### Required action:
Nothing but the lines from the one with "上海铭控MD-S271智能无线传感终端图片" through the end of the data should be set down, each exactly as written, and no picture should be included.

### Data excerpt:
^^^^

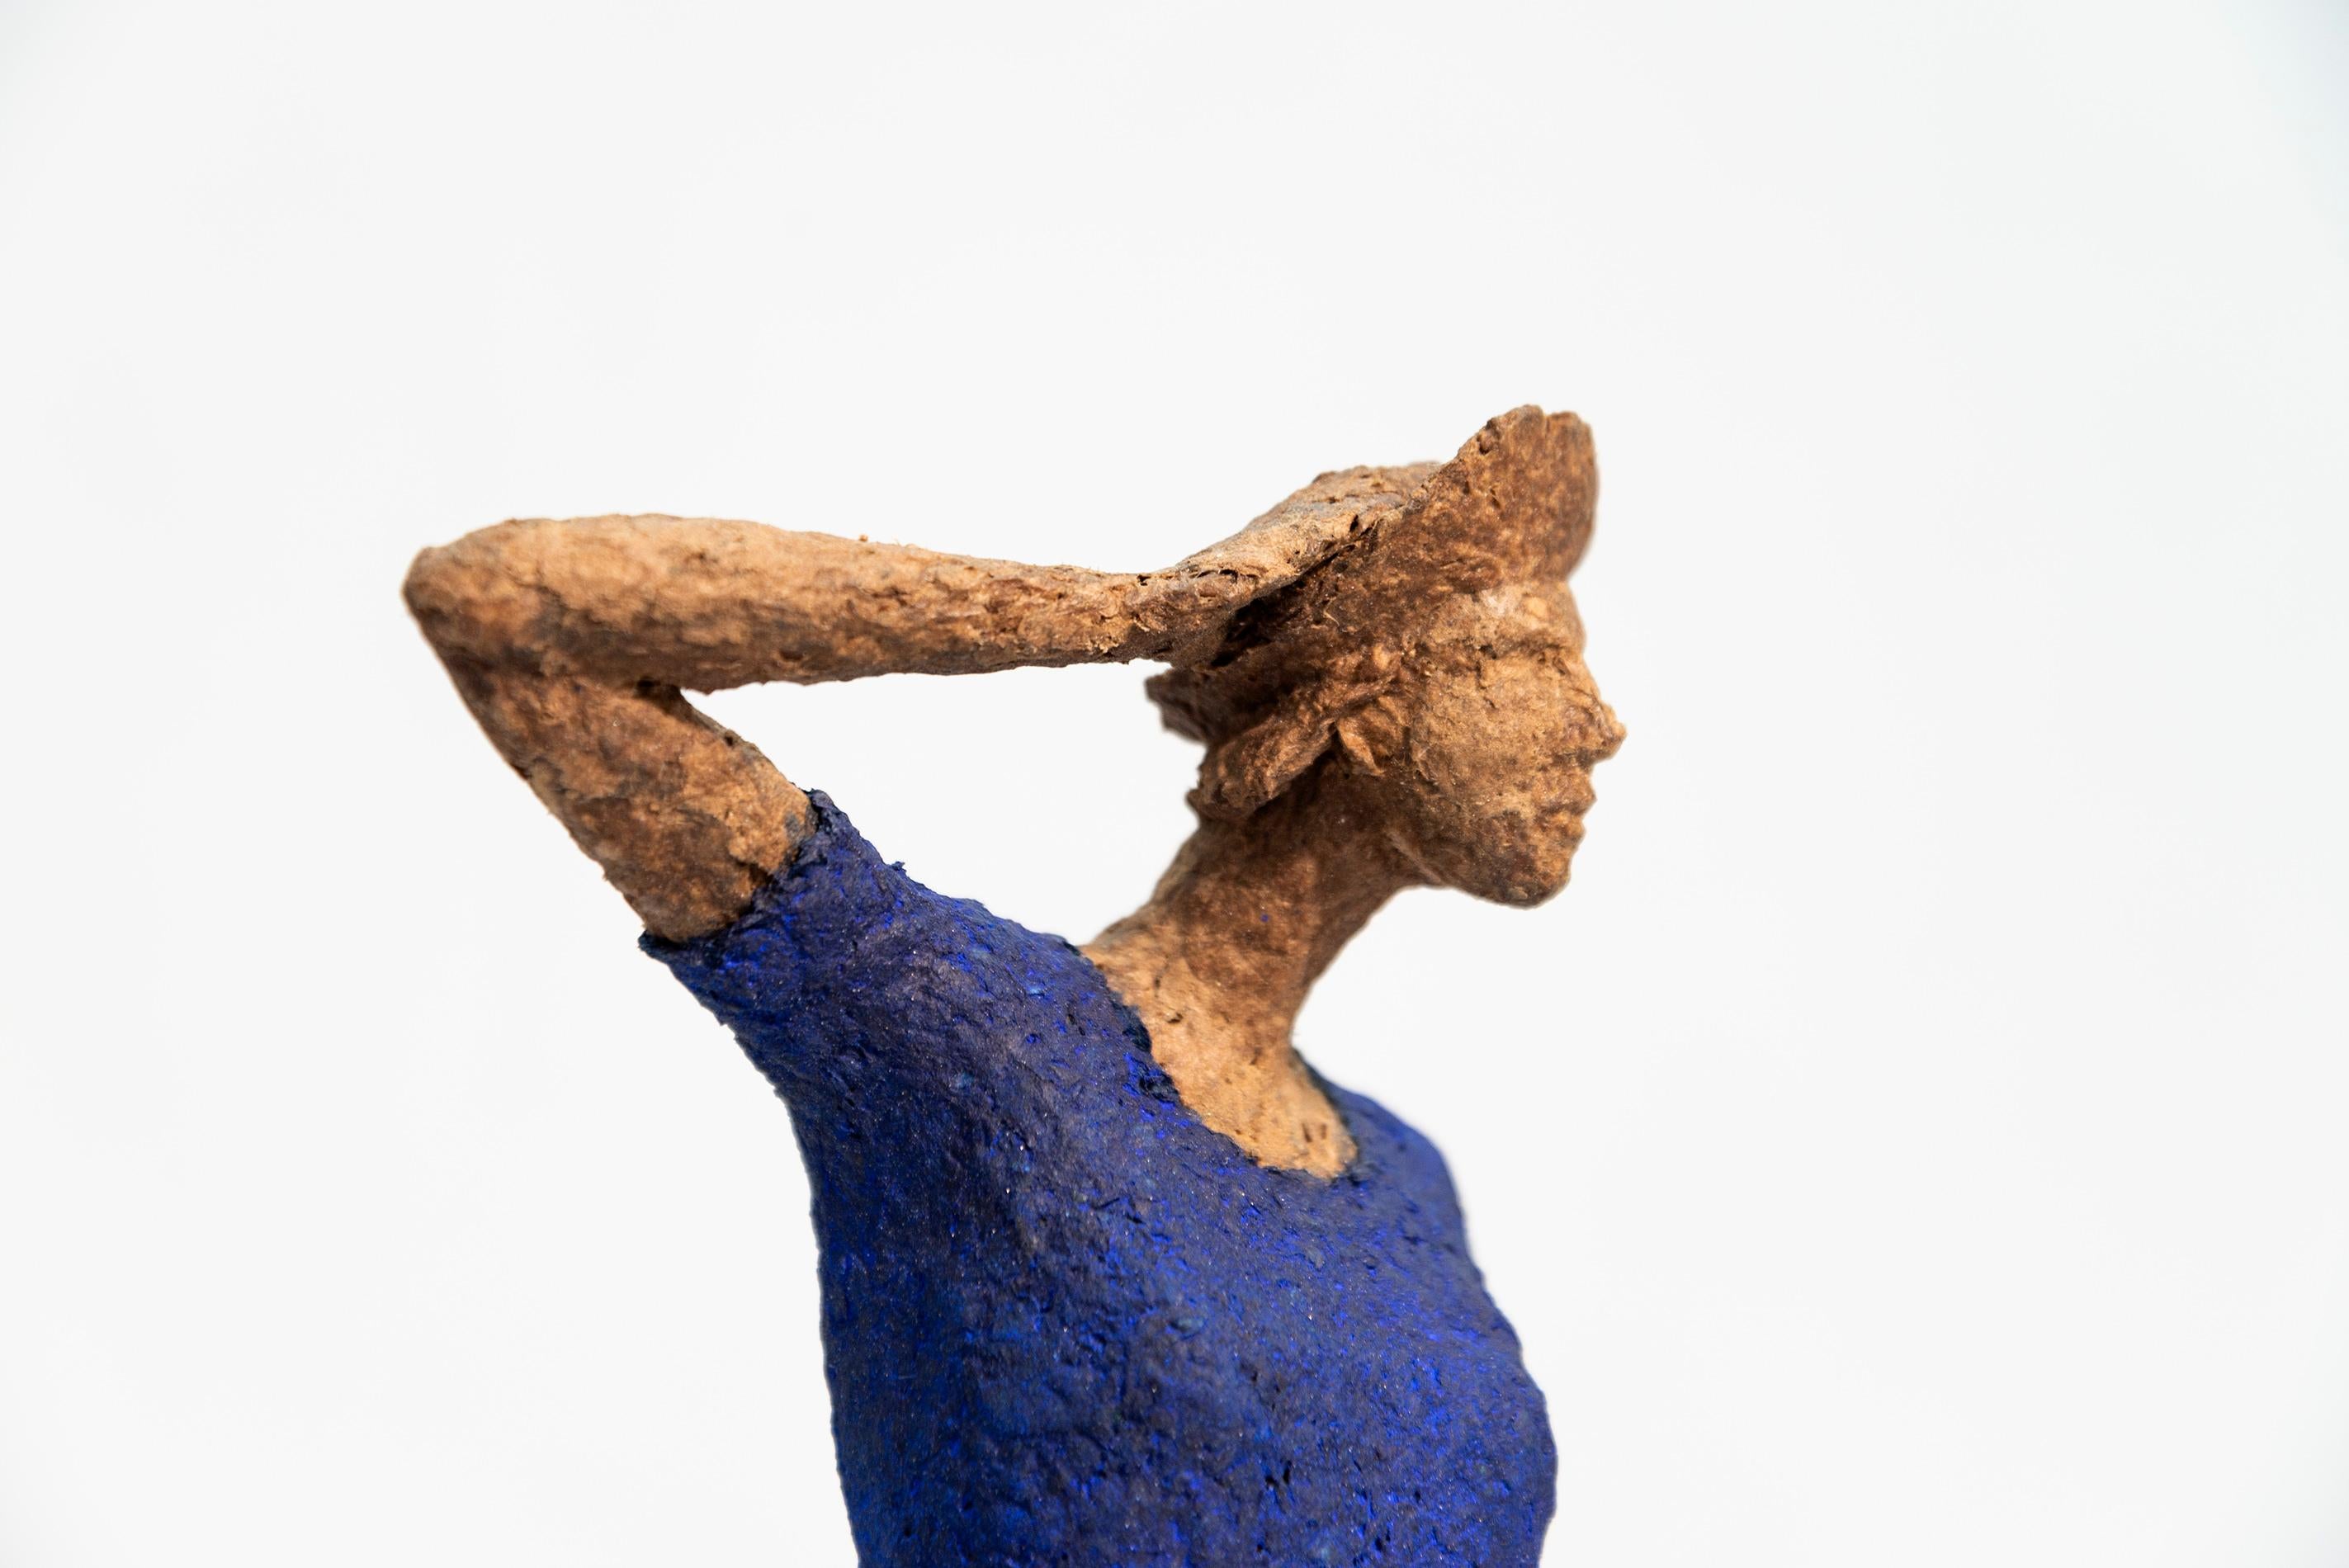 Les fascinantes figures sculptées de Paul Duval capturent un moment d'émotion dans le temps. Dans une série de pièces de table, l'artiste québécois utilise du papier mâché, du fil de fer et de l'acier pour créer des personnages uniques qui
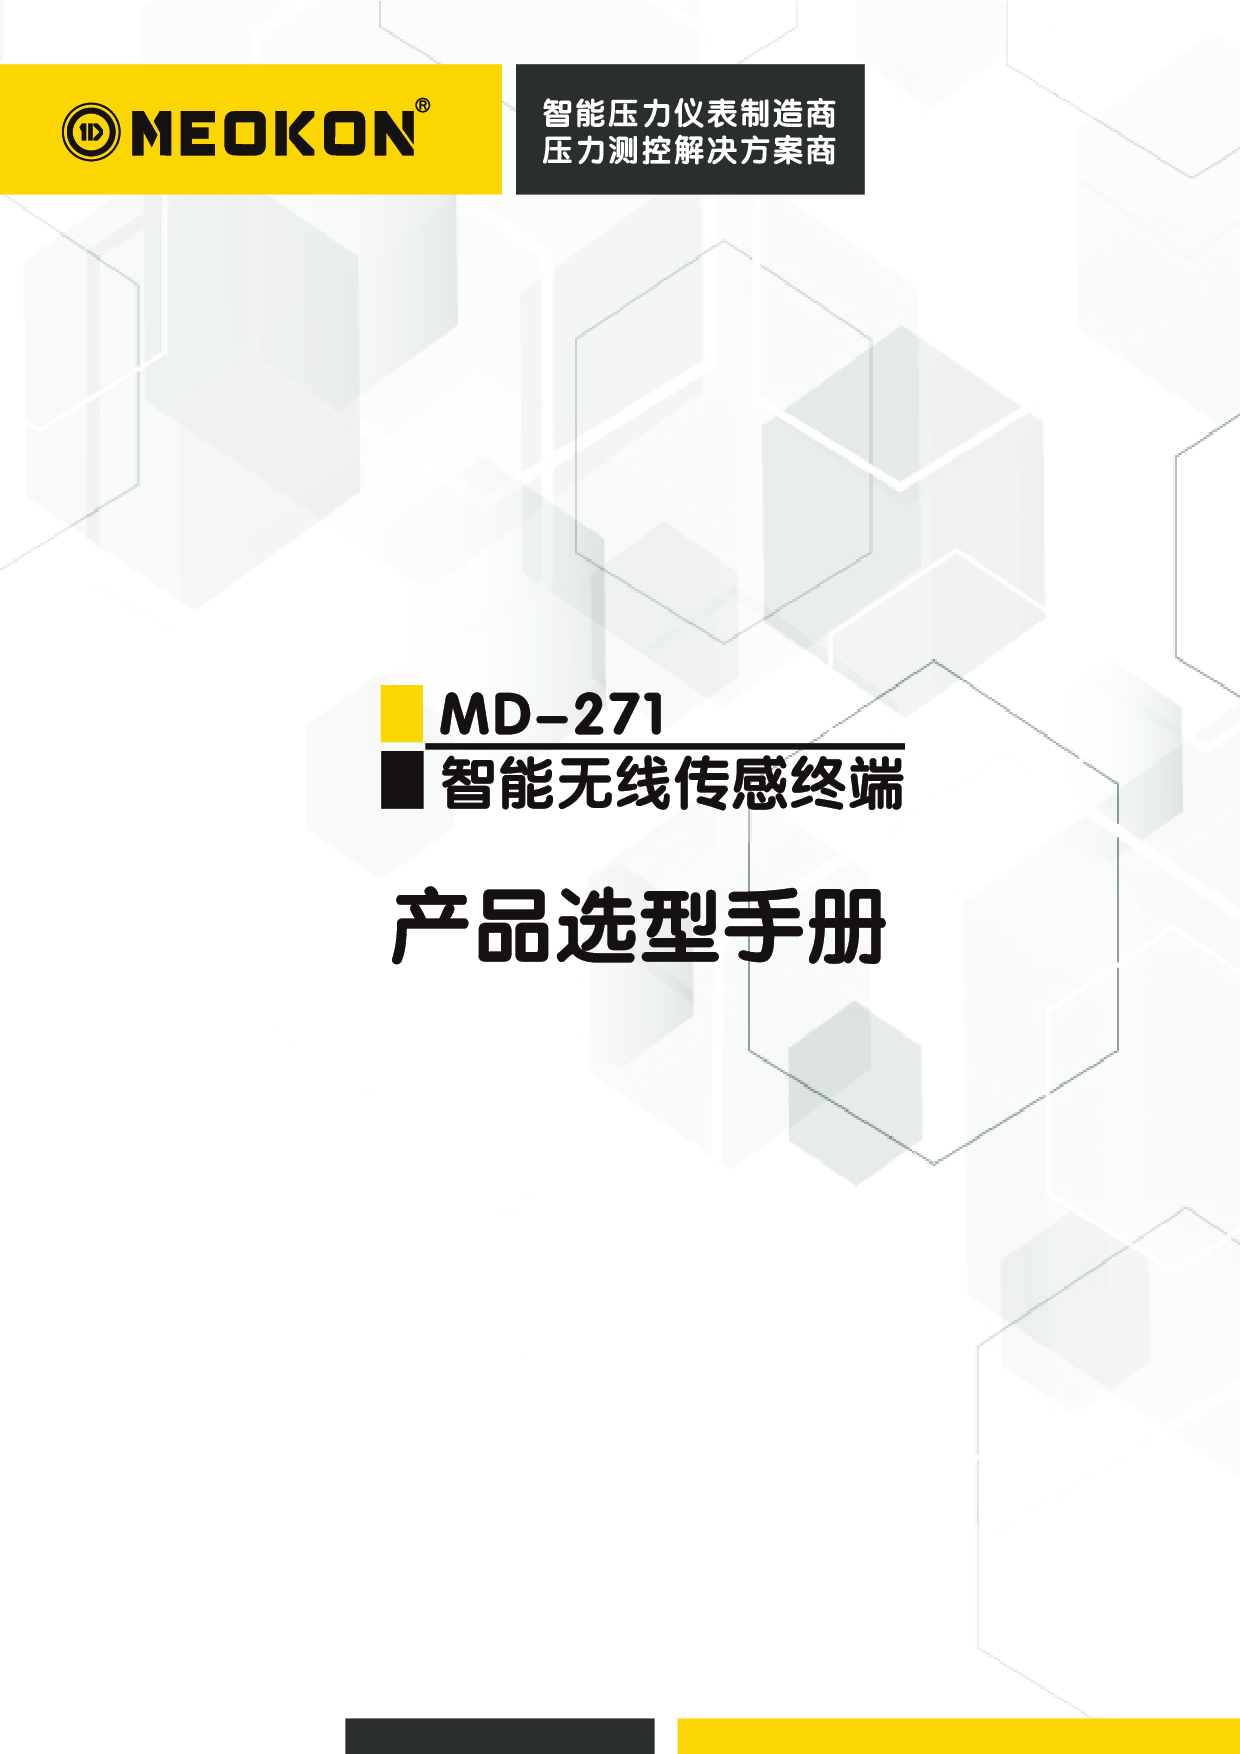 上海铭控MD-S271智能无线传感终端图片
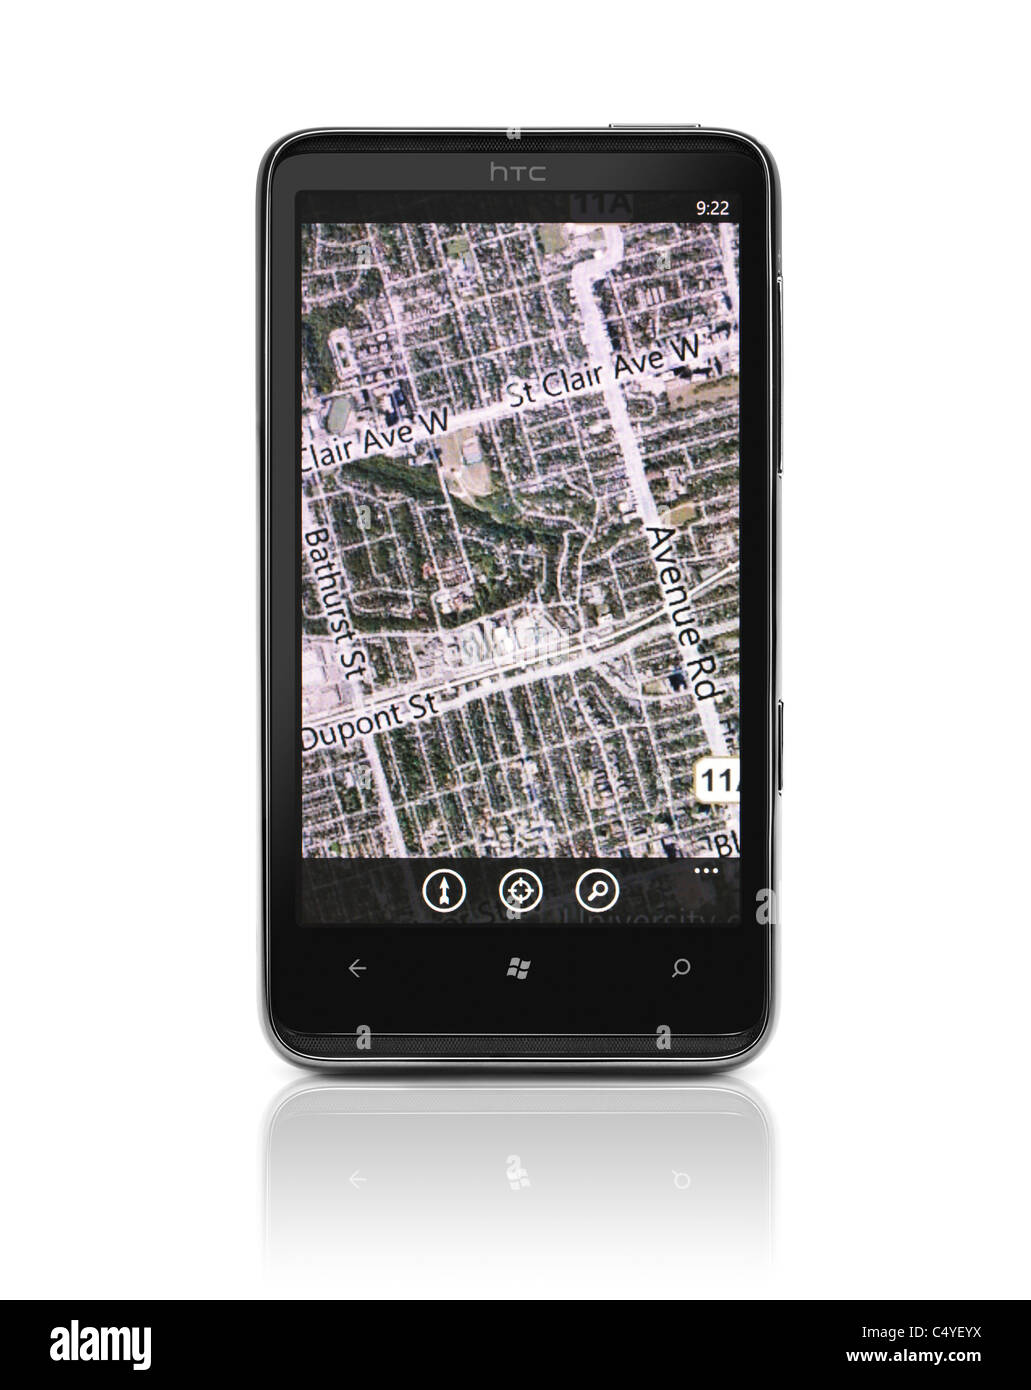 7 Windows Phone. HTC HD7 smartphone avec Bing Maps navigation GPS sur son affichage isolé sur fond blanc Banque D'Images

^^^^

### The completed task:
 上海铭控MD-S271智能无线传感终端图片
 7 Windows Phone. HTC HD7 smartphone avec Bing Maps navigation GPS sur son affichage isolé sur fond blanc Banque D'Images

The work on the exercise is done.